La trentaine de propositions effectuées mardi par l'UMP lors d'une convention sur la Défense ne sont pas passées inaperçues, en cette période de pré-campagne. Une d'entre elles fait surtout parler, celle sur l'"allégeance aux armes".

Le parti présidentiel souhaiterait en effet que des Français jeunes ou naturalisés fassent "allégeance aux armes" du pays, comme l'a expliqué à Europe 1 Hervé Mariton, conseiller politique de l'UMP chargé des questions de défense. "On demande à chaque jeune Français, au moment de la journée de citoyenneté, ou au moment où il devient français par naturalisation de dire, si d'aventure les circonstances le commandent, 'je suis prêt à servir mon pays'", explique-t-il.

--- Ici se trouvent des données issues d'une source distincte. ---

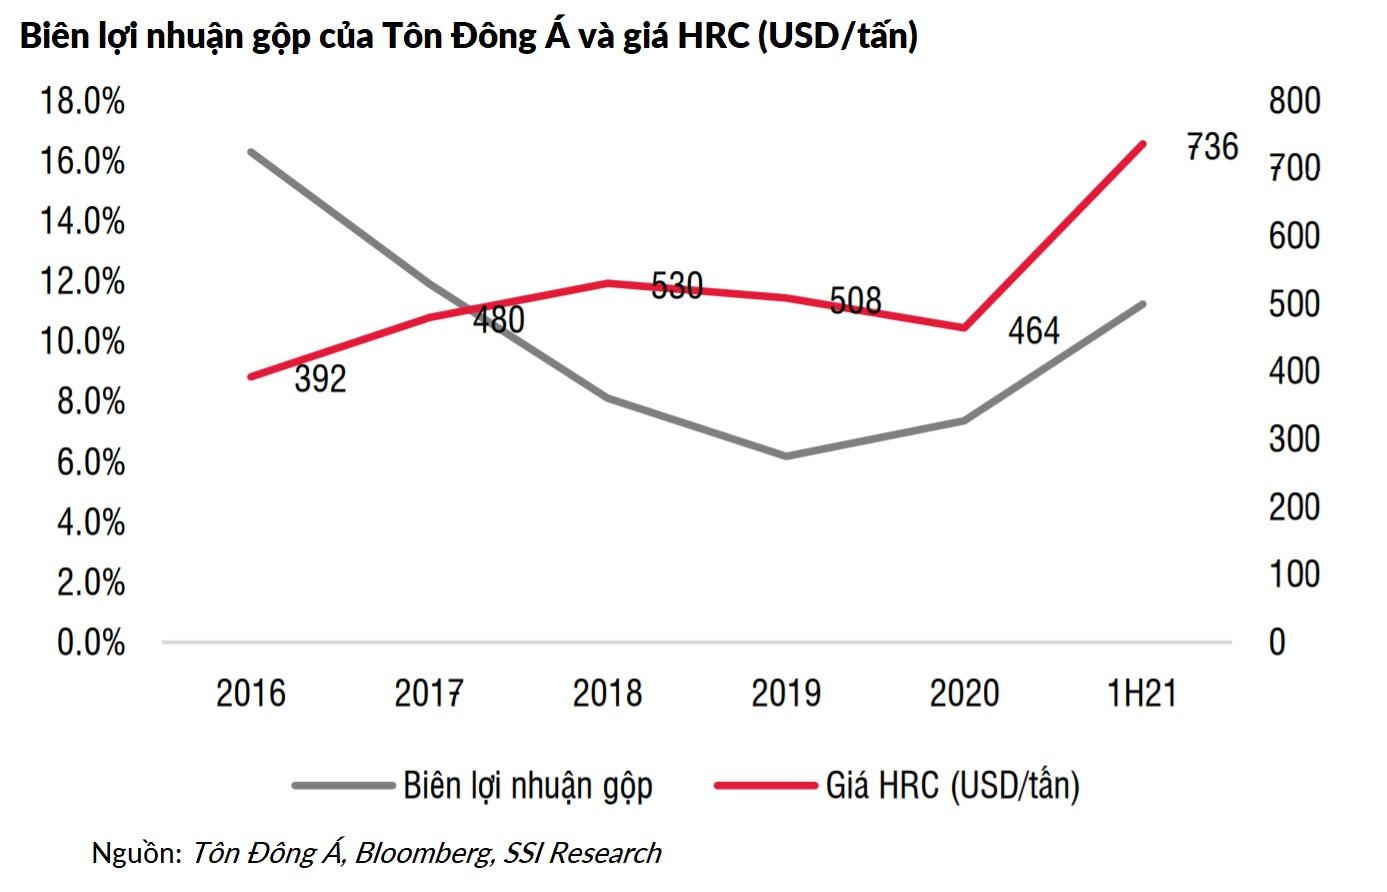 Tôn Đông Á chuẩn bị IPO và niêm yết: Trong top 3 thị phần tôn mạ, dự báo lợi nhuận 2021 cao kỷ lục - Ảnh 6.

L'explication de texte de Copé

Mais l'idée divise au sein même de la majorité. A tel point que Jean-François Copé a dû s'adonner au difficile exercice de l'explication de texte pour désamorcer la polémique. Sur LCI, le numéro un de l'UMP a précisé qu'il s'agissait d'un "document de travail sur lequel nous avançons". "Peu importe le terme... Je peux comprendre que celui 'd'allégeance' ne plaise pas. On peut parler d'engagement de loyauté, d'engagement solennel ou d'engagement tout court", a ensuite tempéré le secrétaire général du parti majoritaire mercredi lors de son point presse hebdomadaire.

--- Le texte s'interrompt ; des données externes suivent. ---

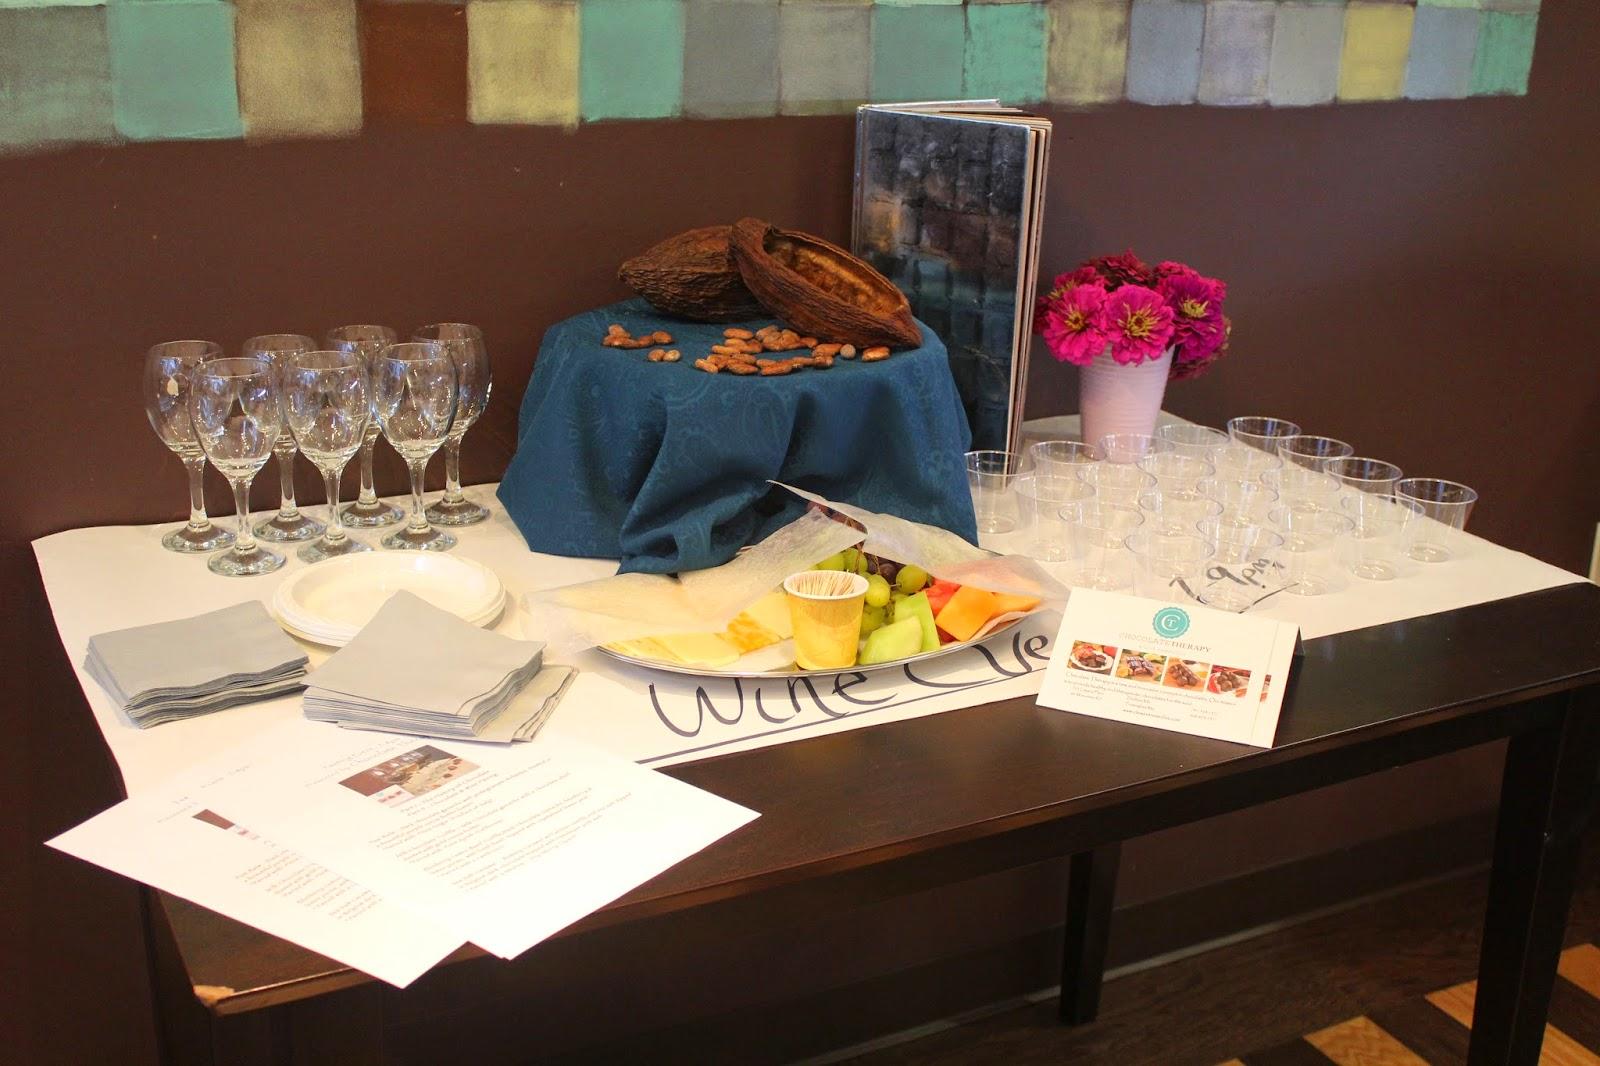 Chocolate and wine pairing at Chocolate Therapy, Dedham, Mass.

Le député-maire de Meaux a ensuite contre-attaqué. "Je trouve scandaleux et indigne que le seul fait de parler de l'amour de la patrie puisse être considéré par certains commentateurs comme politiquement incorrect au point (qu'ils) osent faire le parallèle avec Vichy, l'une des pages les plus honteuses de notre histoire", a-t-il lancé. "Il ne vous a pas échappé que Mme Le Pen s'est jointe à la gauche et que la gauche s'est jointe à Mme Le Pen pour critiquer nos propositions. Comprenne qui pourra..."

Une idée qui "gêne" aux entournures"

N'empêche, même à droite, le scepticisme guette. Chez Gérard Longuet, par exemple. Le ministre de la Défense s'est dit "un peu" gêné. "L'idée est bonne, mais il faut travailler la sémantique", a-t-il déclaré à des journalistes. Même son de cloche du côté du ministre de l'Education, Luc Chatel, qui a affirmé que la formulation d'"allégeance" aux armes" n'était "pas appropriée", mardi matin sur Europe 1.

Hervé Mariton a reconnu d'ailleurs lui-même que "le mot allégeance est un peu fort".

"Le mot allégeance est peut-être un peu fort" :

Arno Klarfeld cite le Maréchal Pétain

Mais la critique la plus dure est venue, à droite, d'Arno Klarsfeld. "C'est mauvais et dangereux, et il ne faut pas que certains députés de l'UMP essaient de copier sur les copies de leurs voisins d'extrême droite", a déclaré le nouveau président de l'Office français de l'immigration et de l'intégration (Ofii) sur France Inter. Avant de rappeler que "le dernier serment d'allégeance qui a été fait en France, ça été au Maréchal Pétain, et tout le monde se souvient du bras levé de Bousquet, et peut-être même de Mitterrand devant le Maréchal Pétain". Réponse de Copé : "s'il a fait ce lien, je ne suis pas sûr que ce soit quelque chose qui l'honore".